Описанные выше изменения в культурной жизни колониальной Колумбии можно, по-видимому, вслед за некоторыми колумбийскими авторами рассматривать как «эпоху Просвещения в Колумбии». При несомненном и значительном влиянии идей французских просветителей в стране складывалась идеологическая база организованного освободительного движения, формировалась независимая политическая мысль нового поколения колумбийцев. Несмотря на строжайшие запреты колониальных властей и церкви, сочинения Монтескьё, Вольтера, знаменитая «Энциклопедия» попадали в руки читающей молодежи. Эти же прогрессивные идеи разделяли лучшие педагоги Новой Гранады, такие, как Хосе Селестино Мутис или Феликс Рестрепо.
В такой обстановке складывался новый тип энциклопедически образованного мыслителя-патриота, чьи помыслы были направлены на достижение независимости угнетенной страны. Именно такими стали представители «нового поколения» колумбийцев – Антонио Нариньо, его двоюродный брат Франсиско Хосе де Кальдас, Камило Торрес, Франсиско Cea. Мы уже говорили о патриотической журналистской деятельности Хосе де Кальдаса, упоминали о вольнодумной тертулии Антонио Нариньо. Последнему, по-видимому, помимо его широкой просветительской и научной деятельности, принадлежит и заслуга распространения в Новой Гранаде одного из самых «взрывчатых» документов революционной мысли эпохи – «Декларации прав человека», строжайше запрещенной трибуналом инквизиции в Картахене еще 13 декабря 1789 г., т. е. уже в год ее появления во Франции. Нариньо нашел ее текст в «Истории учредительного собрания» Галара де Монжуа, находившейся в библиотеке вице-короля, а в декабре 1793 г. перевел и размножил этот документ. Шестнадцать лет пыток и застенков в Картахене, Испании и Африке, последовавшие как кара за распространение революционных идей, не изменили образ мыслей Антонио Нариньо, который в самые тяжелые годы начала освободительной войны находился во главе первой независимой республики в Новой Гранаде.

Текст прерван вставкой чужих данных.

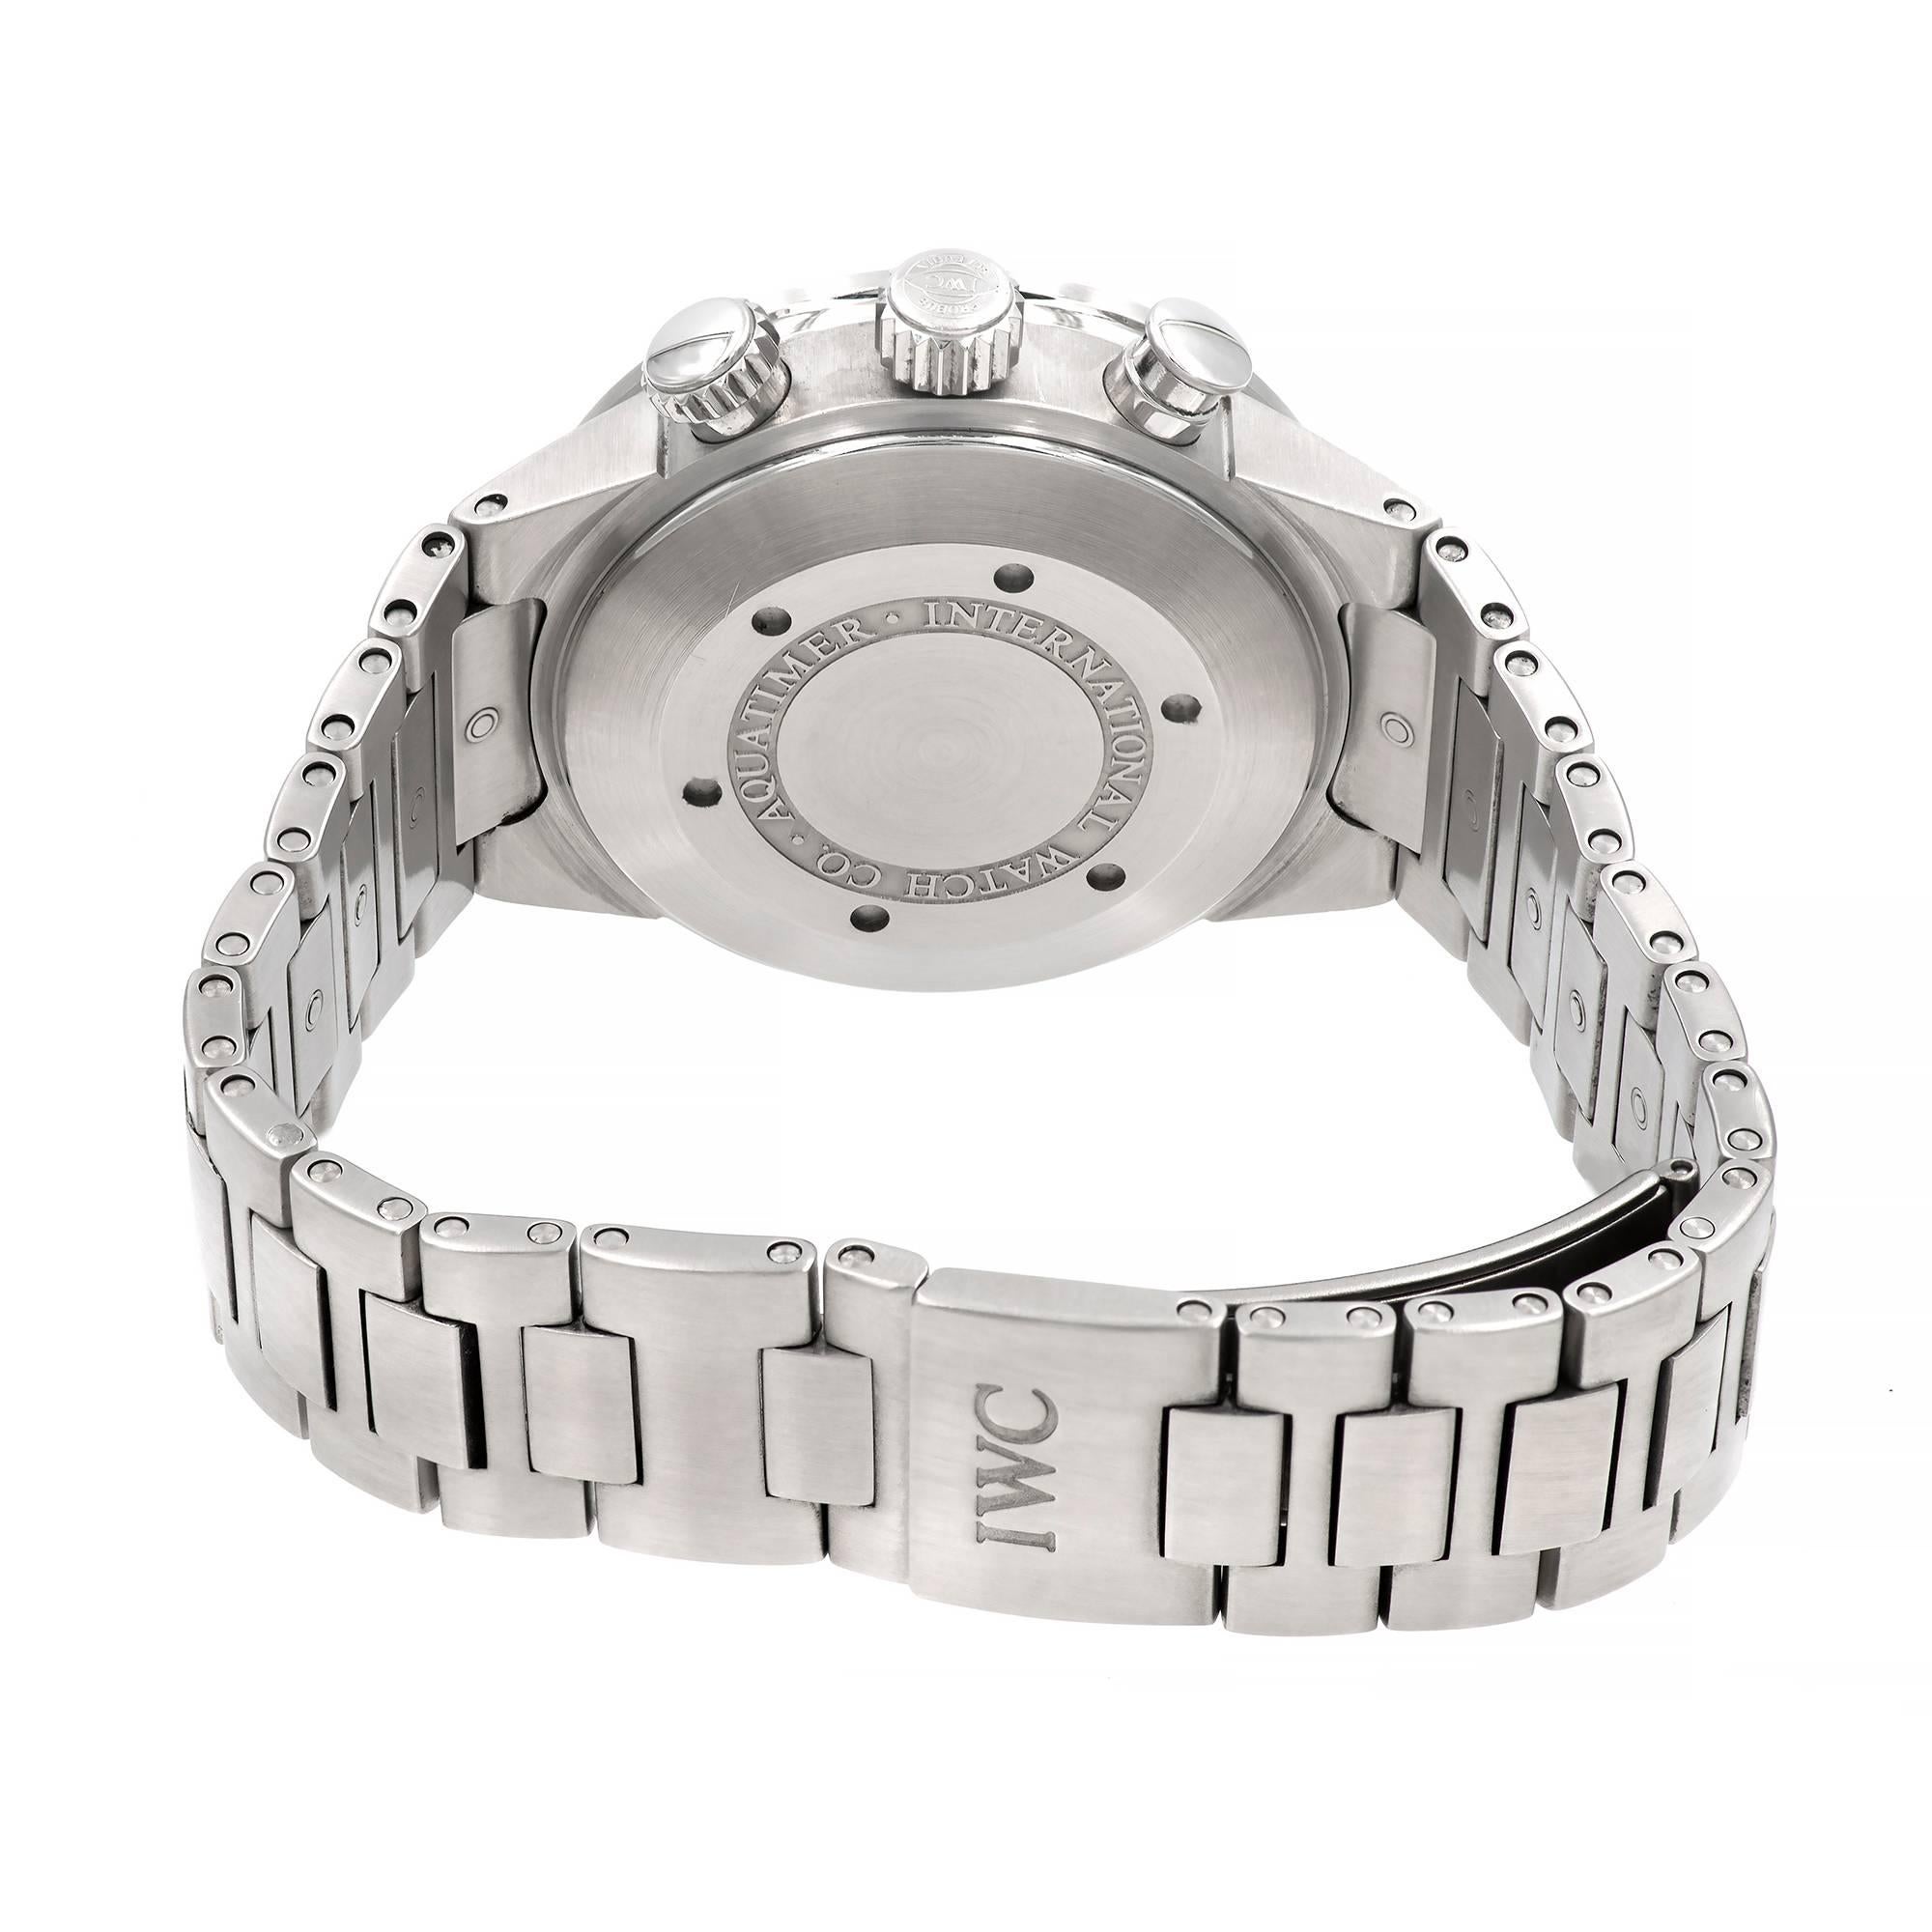 IWC Stainless Steel Aquatimer Chronograph Automatic Wristwatch 1

Его единомышленник и соратник Камило Торрес (1766–1816) – один из самых «светлых и эрудированных умов эпохи»{156}, блестящий юрист, педагог и оратор, вошел в историю Колумбии не только как один из вождей активного периода борьбы за независимость после 1810 г. Он был автором «Мемориала об обидах» («Memorial de Agravios»), в котором убедительно доказывалась неспособность метрополии управлять общественной жизнью своих американских колоний, говорилось о необходимости создания принципиально новых отношений между Испанией и Латинской Америкой. «Мемориал об обидах» представляет собой, без сомнения, один из важнейших документов эпохи, имевших большое значение в деле идеологической подготовки войны за независимость в Латинской Америке. И вместе с тем в нем как бы подводится итог интеллектуальному развитию Новой Гранады в период «эпохи Просвещения в Колумбии». Этот неповторимый период завершили люди нового поколения, «люди 1800 г.», которые, как пишет колумбийский историк X. Посада Мехиа, «духовно сформировались из традиции Эрсильи, Инки Гарсиласо, сестры Хуаны, Пьедраиты и других умов колониальной эпохи, а также под влиянием идей Монтескьё, Вольтера, Руссо, Франклина и подобных современных им мыслителей Франции и других стран. Вобрав в себя все живое из традиции, все самое действенное из новейшей мысли, эти люди 1800 г. смогли начать дело национального строительства; родина– это главное в их деятельности. Они стали кузнецами – в интеллектуальном и политическом отношении – новой Колумбии»{157}.
Глава 6
ДВА ПЛАЦДАРМА НЕЗАВИСИМОСТИ
ЮЖНОЙ АМЕРИКИ
История распорядилась так, что к концу XVIII в. наиболее интенсивно стали развиваться два южноамериканских владения испанской короны, которые тогда уже привыкли считать «глухими углами» колониальной империи, – генерал-капитанство Венесуэла и вице-королевство Ла-Плата. В первые века после конкисты в метрополии на эти земли обращали мало внимания: здесь не было ни обильных россыпей золота и драгоценных камней, ни серебряных гор, пи месторождений ртути, ни многочисленного и миролюбивого индейского населения, которое можно было бы эксплуатировать. В XVIII же веке с развитием оживленных морских торговых отношений с Европой в городах Атлантического побережья незаметно, но очень быстро начинают набирать вес, влияние и силу самые передовые социальные слои той эпохи – торговцы, владельцы мануфактур, ремесленники. В этих владениях Испании процветают новые отрасли хозяйства, развиваются новые формы социально-экономических отношений, гораздо более отвечавшие велениям нового времени, чем те, которые порождались рабским трудом на приходивших в запустение рудниках Перу, Новой Испании и Новой Гранады.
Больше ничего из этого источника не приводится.